Garcia also played softball, soccer, volleyball, ran cross country and track and field in prep school.

College career 

Garcia had a stellar collegiate career with high scoring games of 46 and 40 points in her first year as a college player. She was a Region NJCAA All-American and led the Nation in scoring as a freshman, averaging 31.5 points per game before the implementation of the three-point line in the college game. Many of her points came from beyond what would have been the three-point arc.  She is the career All-time leading scorer at Dodge City College scoring 1,298 points in just two years.  She has held this title for over 33 years.  At Dodge City, Garcia earned All-America honors and was ranked as one of the top junior college swing guards in the country when she averaged 28 points and five rebounds per game as a sophomore in 1984–85. She ranked as the nation's fourth-leading scorer as a sophomore."
Garcia played at The University of Nebraska her junior year
and Friends University her senior year where she averaged 20 points per game and led her team and league in assists.  She was a unanimous KCAC First-Team selection and NAIA Region All-Star her senior year. Friends University Lady Falcons won the KCAC conference and made the NAIA National Tournament.  Her Friends University Hall of Fame Coach Jim Littell, now the head coach at Oklahoma State University, said "She's the greatest offensive talent I have ever coached. Passing, scoring, handling the ball".

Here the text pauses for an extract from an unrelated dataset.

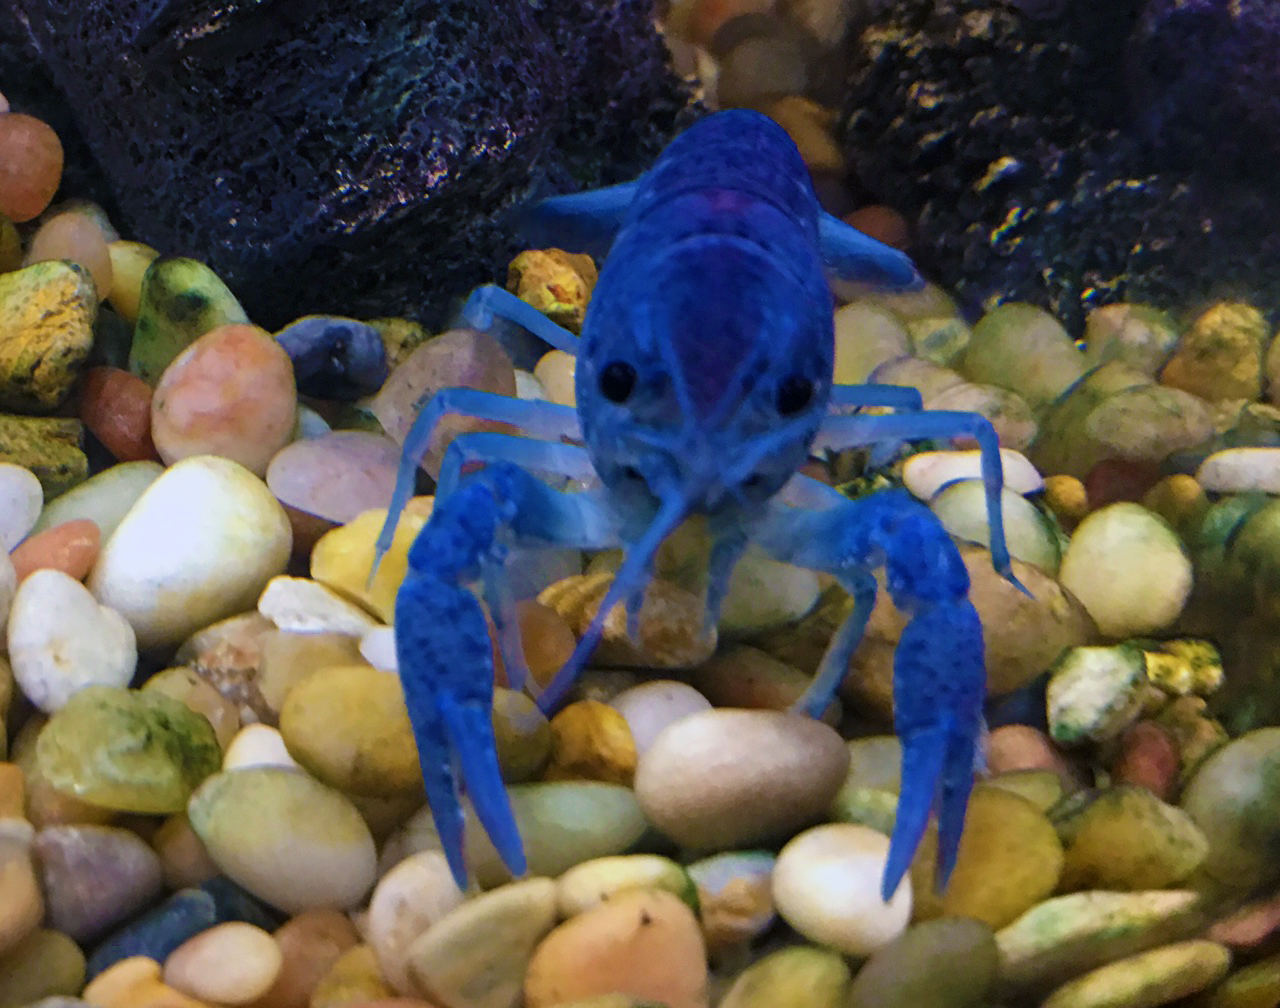 What Do You Need for a Pet Crayfish?

Garcia was a multi-sport athlete in college; she also played softball, soccer, ran cross-country and track. She was honored in May 2015 with her induction into the Dodge City College Athletic Hall of Fame.

Professional 

Garcia played for several professional basketball teams and leagues, including the 1993 Champion Kansas Crusaders, Kansas City Mustangs and Tulsa Flames of the WBA. She also played in The Pro-Am, AAU Women's League, Guadalupe, Mexico, British Columbia, and was chosen to play in the Liberty Basketball Association (LBA) professional league.
Garcia's Kansas Crusaders team won the first WBA Championship in 1993.  Her Kansas City Mustangs team won the regular WBA season going undefeated 15–0 in 1994. Garcia was a 4-time WBA All-Star and is featured on the collector WBA All-Star Card Set by Fair Play Sports.  She is quoted several times and highlighted with five photos and a three-page spread in the 2017 best selling book and Documentary Film The Vision: The Untold Story of the Women's Basketball Association by Lightning Ned Mitchell. In addition, Garcia was awarded the oldest women's sports  award of Women's Basketball AAU Athlete of the year in 1992 while playing on her Championship Kansas City AAU Team.

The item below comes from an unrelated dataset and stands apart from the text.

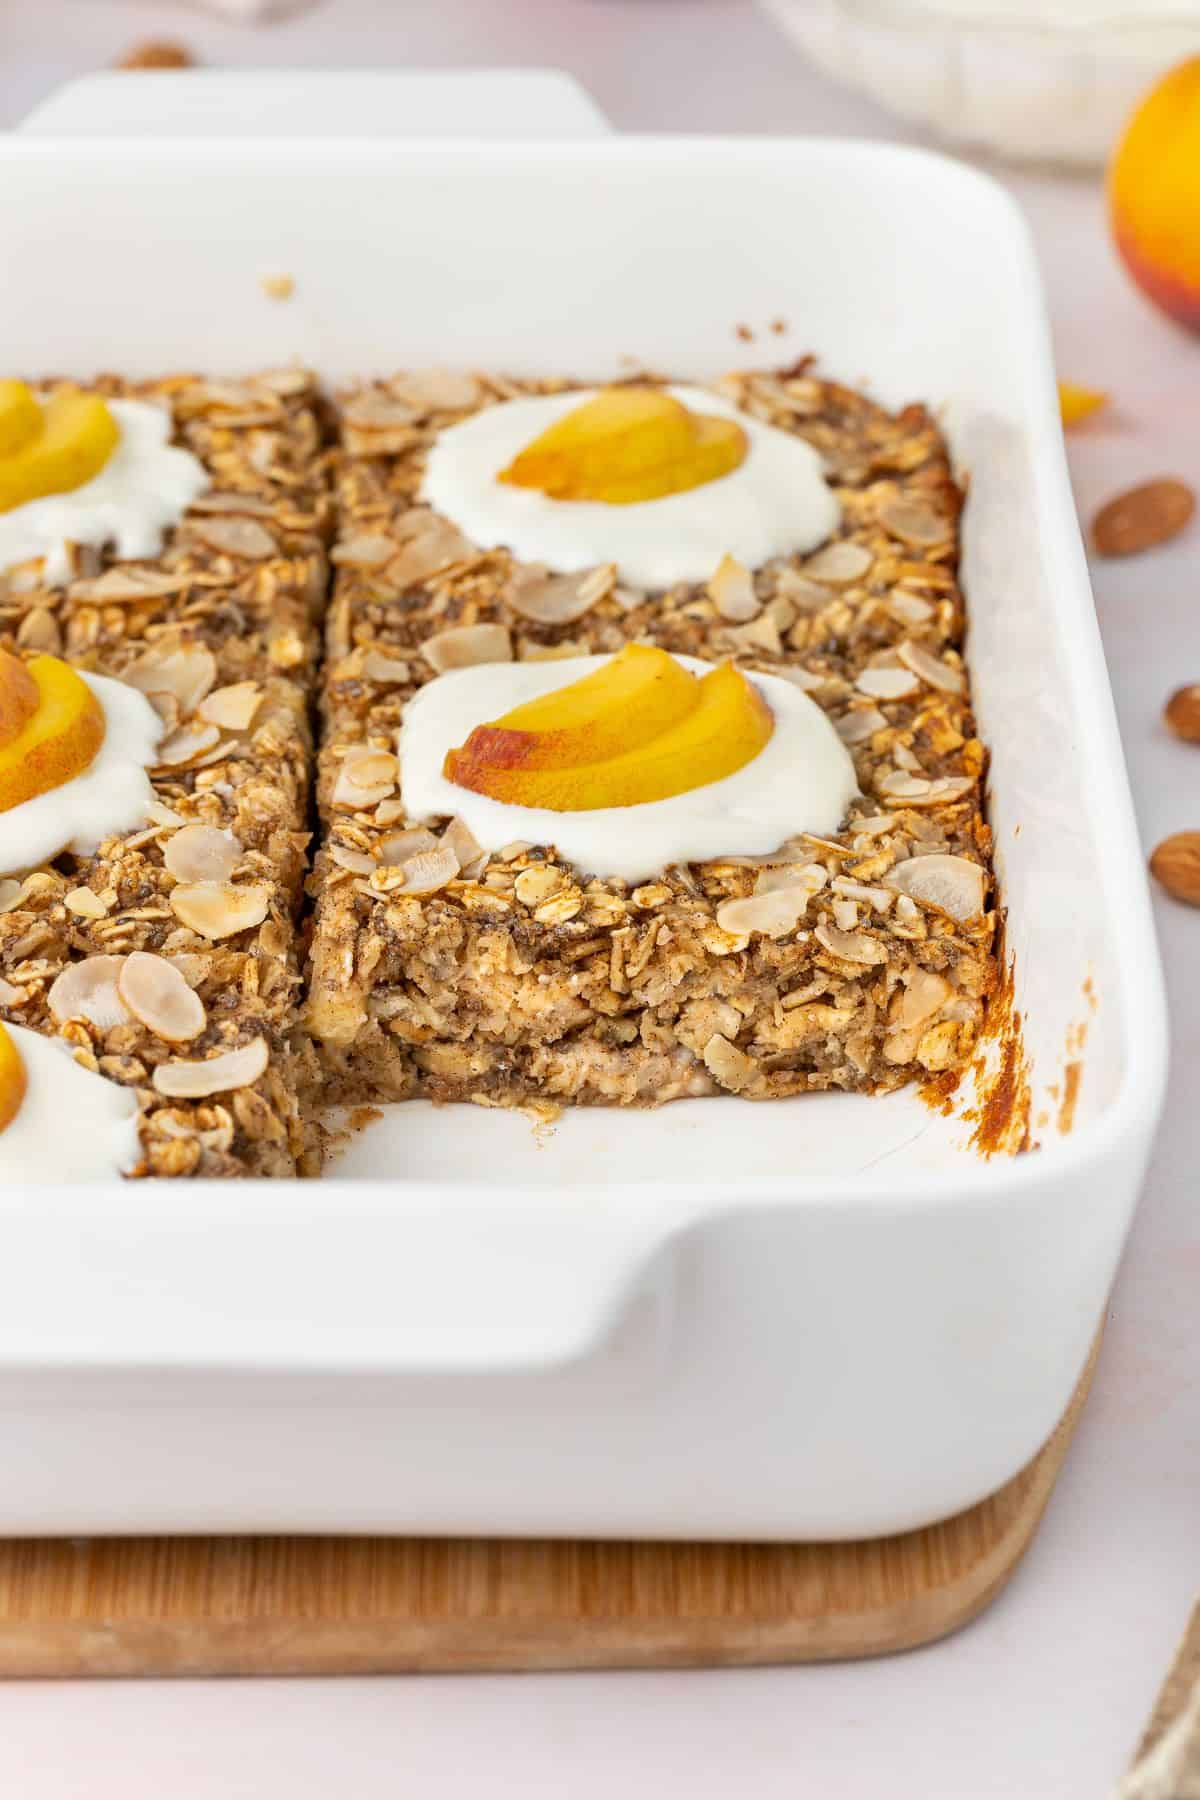 White rectangular dish with baked peach oatmeal, with one piece missing.

Garcia also received the 2015 WBCBL Women's Professional Basketball "Trailblazer" Award on August 2, 2015, along with 9 other female basketball Icons including Cynthia Cooper, Nancy Lieberman, Sarah Campbell, E.C. Hill, Dr. Geri Kay Hart, Lynette Woodard, Kandi Conda, Lisa Leslie and Tamika Catchings. The award recognizes some of the most influential people in professional women's basketball, specifically those who helped blaze the trail, shape the overall landscape and pave the way for women's professional basketball. These 10 women have prevailed to greatness in a male dominated sport and give hope to young girls who inspire to be professional players, coaches, and team owners.

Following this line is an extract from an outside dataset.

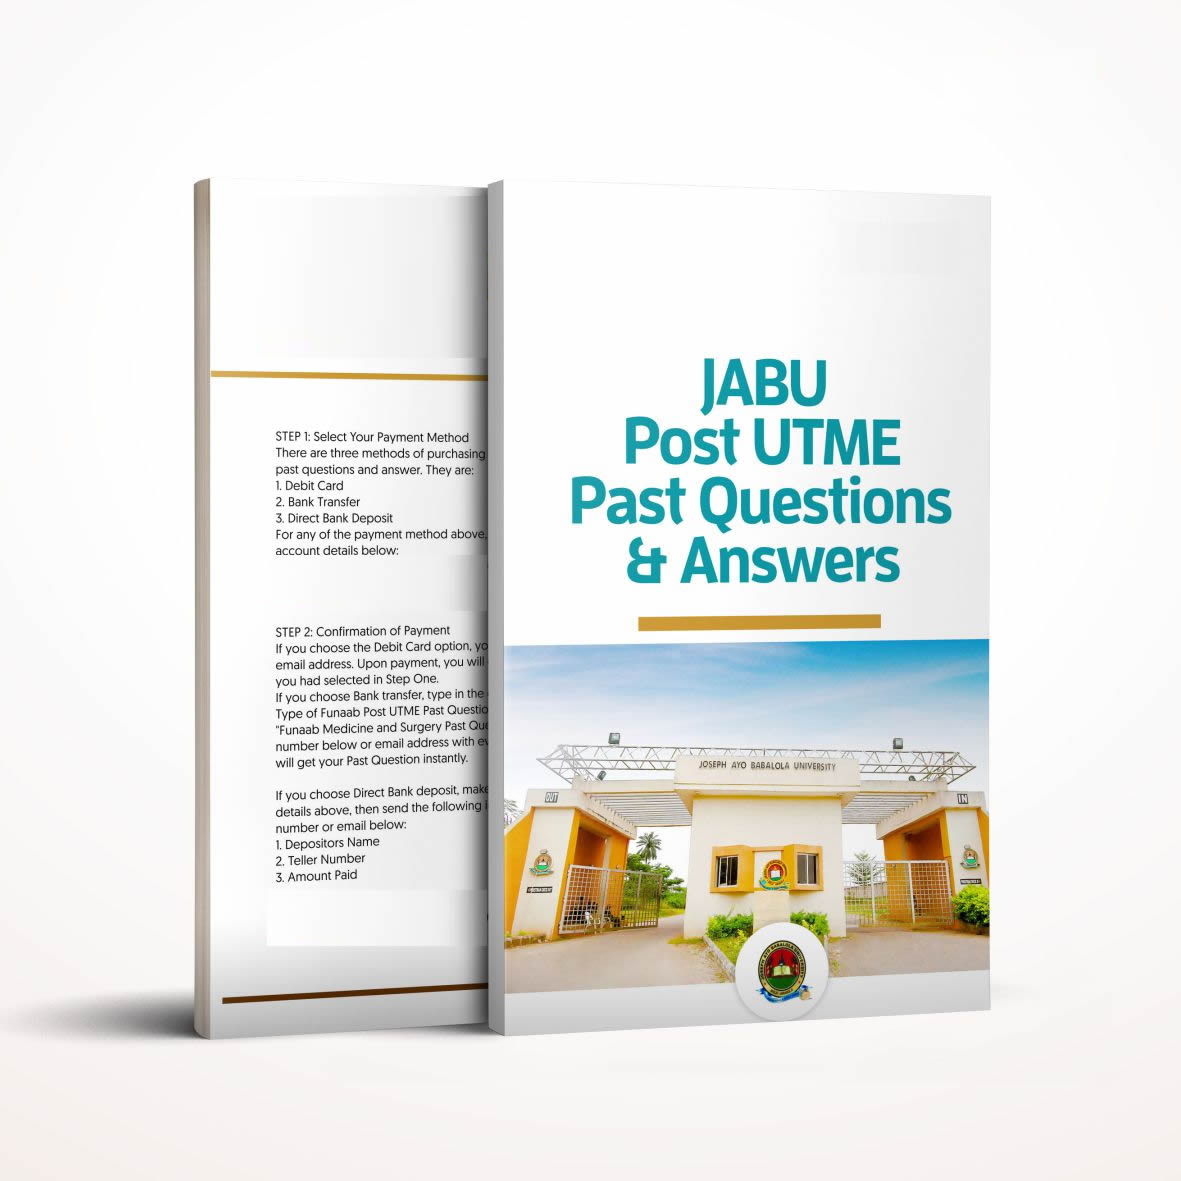 jabu post utme past questions and answers - Pdf

Garcia, her Kansas City Mustangs undefeated team, Kansas Crusaders Championship team and the entire Women's Basketball Association have a permanent display at The Black Archives of Mid-America WBA Hall of Fame.

Coaching career 

Garcia coached two seasons at Haskell Indian Nations University in Lawrence, Kansas while she was working on her Doctorate at The University of Kansas. She coached the Haskell Indian Nations Fighting Indians freshman team to a 20-0 undefeated season in 1992. Garcia also coached several semi-pro, exhibition and club teams including the touring team Christian Basketball.

Higher education 

Dr. Garcia finished her eleventh college diploma at Harvard University Extension School on May 26, 2020 with a Professional Graduate Certificate in Web Technologies. Her eighth college degree and third master's degree was a Master of Arts in Criminal Justice and Criminology at Arizona State University which also inducted her into the Arizona State Chapter of Phi Kappa Phi for her academic and scholarly achievement in May, 2014. In addition, she has a Ph.D. in Education Administration, a Master of Science in Kinesiology/Exercise Science, a Post-Doc Graduate Certificate in Gerontology, a master's in Aging and Lifespan Development, an Associate of Arts and Sciences and a Bachelor of Liberal Arts and General Studies.  Garcia began her second doctorate program at Arizona State University in Fall 2014; she is a Post-Doc in the Doctor of Behavioral Health program. Garcia began her twelfth college degree in the summer of 2018 at Harvard University studying for a master's degree in Digital Media and Museum Technology at Harvard University Extension School with anticipated graduation date in 2022. Further, Dr. Garcia completed a Bachelor of Metaphysical Science and is pursuing a third Doctorate degree at The University of Sedona and The University of Metaphysics to add Metaphysician to her list of titles.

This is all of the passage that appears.